Wednesday, January 2, 2008

Wednesday: Time to Make the Donuts

MICHAEL LAMB IS DOING WELL.
(P-G, Rich Lord)

On the to-do list: upgrading the performance of both the people and the accounting system that monitor the city's money and contracts, getting involved in school district operations and digging into stubborn costs like workers' compensation spending.

Not on the list: Running for mayor in 2009, despite speculation among political wags.

Wags, yo.

Police continue to investigate at least nine stolen city checks. The probe has been slowed by the difficulty of getting banks to turn over records. No arrest has been made.

"We're going to do everything we can to see that they're prosecuted," Mr. Lamb said of the suspect. "There's obviously an issue with controls. We want to make sure that controls are in place to ensure that doesn't happen again."

This squares up nicely. The Comet received a name some time ago in connection with the theft investigation, and a tip to call Michael Lamb's office for confirmation.

His staff replied that they had no comment, and were still waiting for all the information to come out.

Mr. Lamb wants the office to meet the requirement in the city charter that it audit every city agency, department and trust fund at least once every four years -- a mandate it hasn't met in the past. That means a potentially sensitive audit of council.

"They're a department, and I don't think they've ever been audited," he said. "It's a very small department on a budgetary basis, but they have had their issues."

Off to a bonny start.

DAN ONORATO IS DOING PRETTY GOOD.
(Trib, Justin Vellucci)

His tenure as chief executive of Allegheny County -- which starts a second four-year term today -- has encountered obstacles, from a cash-strapped Port Authority, budget deficits and property assessment headaches to a controversial drink tax, a sometimes-lackluster economy, and US Airways' gradual migration out of Pittsburgh International Airport.

The geese merit no mention in the article.

"His great success has been in creating and maintaining political control," said Robert P. Strauss, an economics and public policy professor at Carnegie Mellon University.

Sure.

"Holding the line is no small thing," Mistick said.

A thrilling edition of Roddey vs. Mistick breaks out, if you pay attention. Seems Jim Roddey is linking Dan-O's failure to settle property taxes with the need to levy these new irritating taxes, but he's an evil commie mutant Republican traitor.

Onorato is expected to lay out an agenda today.

Okay.

THE SECURITY CAMERAS ARE COMING.
(P-G, Rich Lord)

N.W. Getz and Associates, of Charlotte, N.C., will be the city's sherpa through the high-tech world of surveillance cameras, the computer networks that guide them and the rules that prevent their abuse.
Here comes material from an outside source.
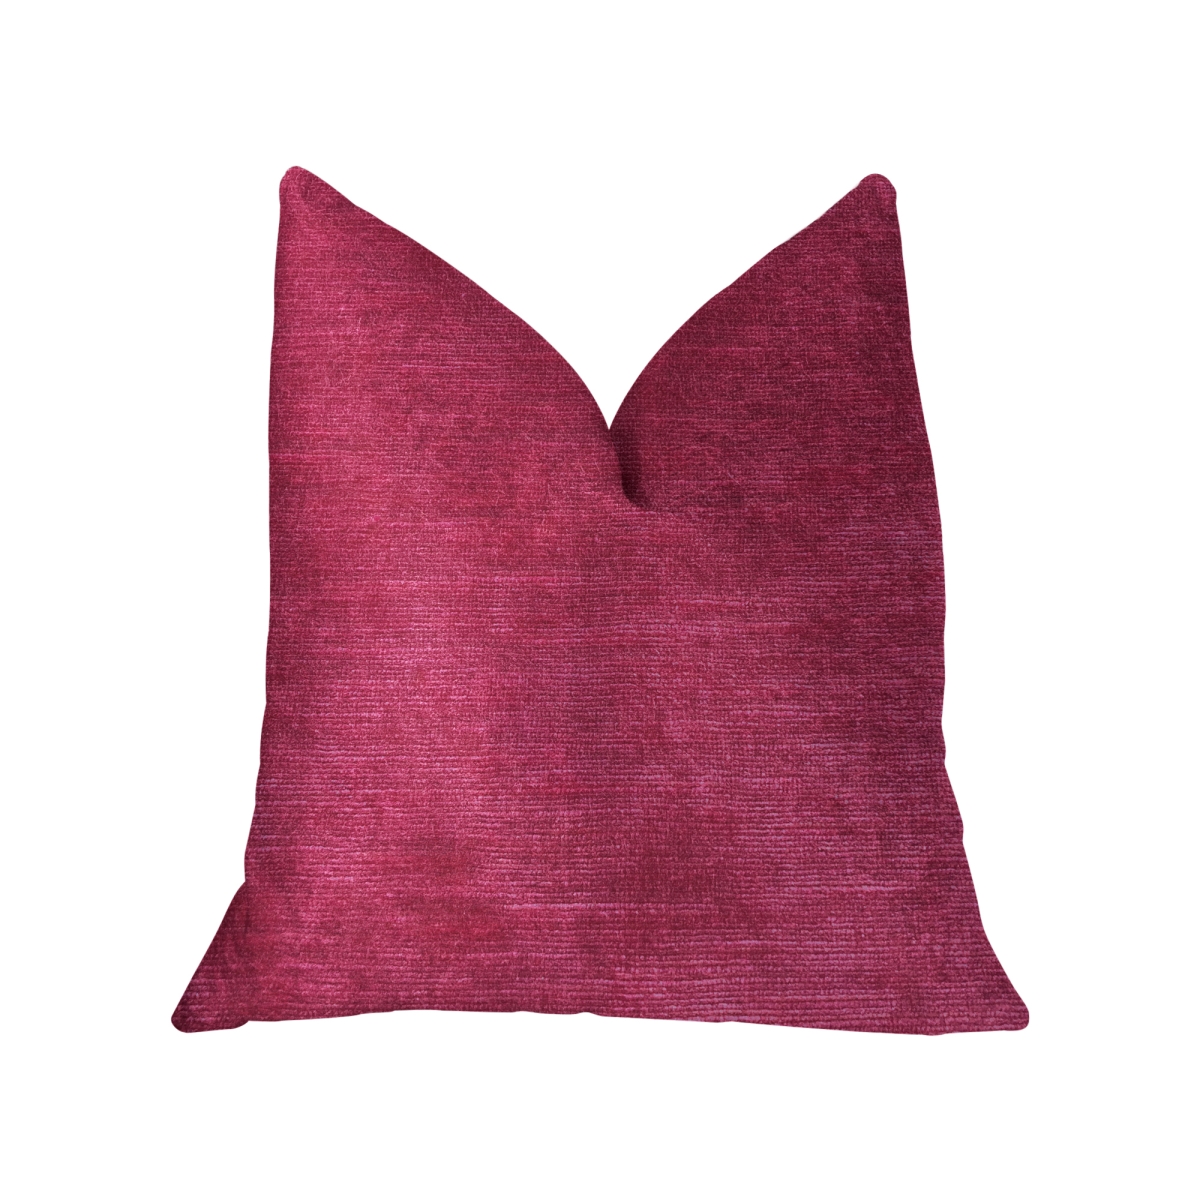 Plutus PBKR1905-2424-DP Lady Fuschia Pink Luxury Throw Pillow, 24 x 24 in.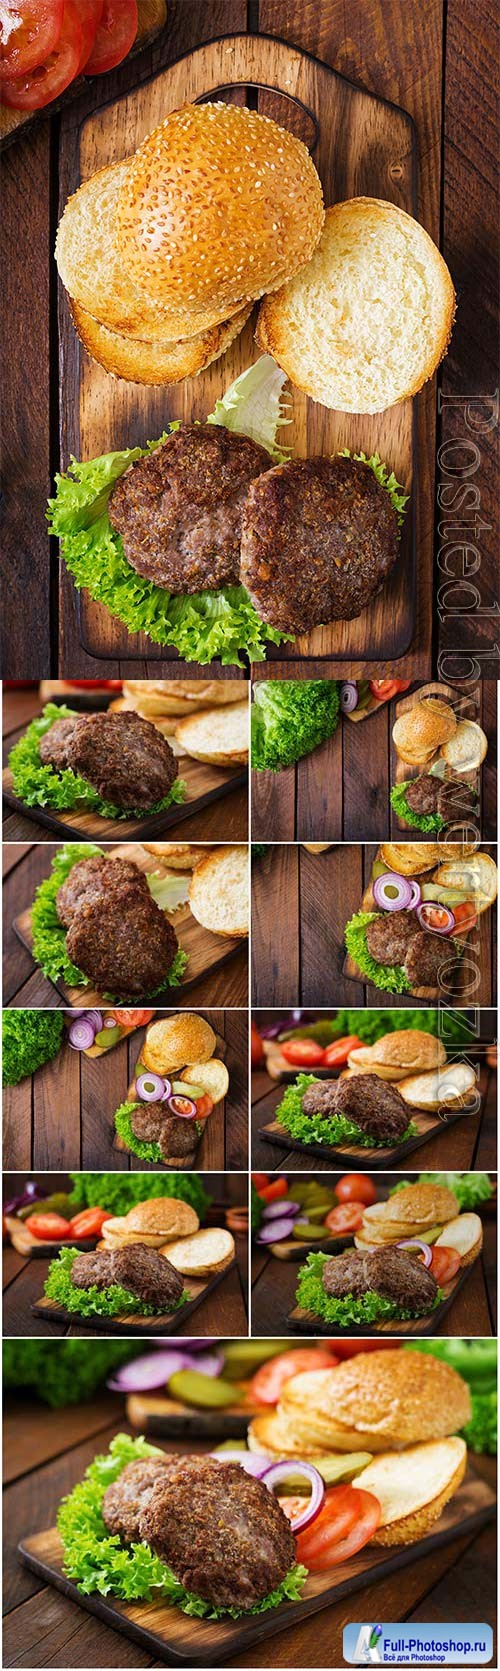 Cooking hamburger stock photo

By early June, the firm and the city expect to have chosen a company to build a system backbone and put in enough cameras to watch the port facilities and nearby areas.

Ports? This is a John Kerry operation?

Then comes a phased deployment that starts with port facilities and the integration of existing public and private camera systems. It then expands into neighborhood business districts and the creation of mobile surveillance systems for temporary deployment to crime hot spots, city Public Safety Director Michael Huss said yesterday.

"We know that it's not the end-all, but it's another tool our police can use to make our city safer," he said.

Fair enough.

In a later phase, the city would spread cameras over six-square-block sectors in high-crime areas, and create a movable system that could follow crime shifts from neighborhood to neighborhood, Mr. Huss said. Funding for that phase hasn't been identified.

Oy, and double oy.

"These cameras are going to be in public areas, and in public areas there's not a high expectation of privacy," he said. Avoiding misuse is "going to be something that we're always going to have to monitor."

Who's our consultant for Avoiding Misuse??

THE POST GAZETTE IS WHIMSICAL.
(P-G, Edit Board)

Our favorite wished-for headline: New open records law is the best in the nation

Our least: Barden decides to cut height of casino garage

Hello?

Casino gambling is coming to town -- with all that debt and bankruptcy and alcoholism and divorce -- and you're worried about your pretty, pretty view from Mount Washington? What would you prefer, more surface parking?

PITTSBURGH MUST BECOME THE LINDSEY LOHAN.
(ILL, Pierre Pittsburgh)

If I am allowed to compare Pittsburgh to a woman, I would say it has been like finding a young woman in a corner of library of books. Though she is not of the make of a super model, I sense something special.

This is far and away the best stuff of its kind we've read this year.

(We did just come across a Trib PM dated Monday, Dec 31. We appreciated both the Cyril Wecht gag, and the need to start slow.)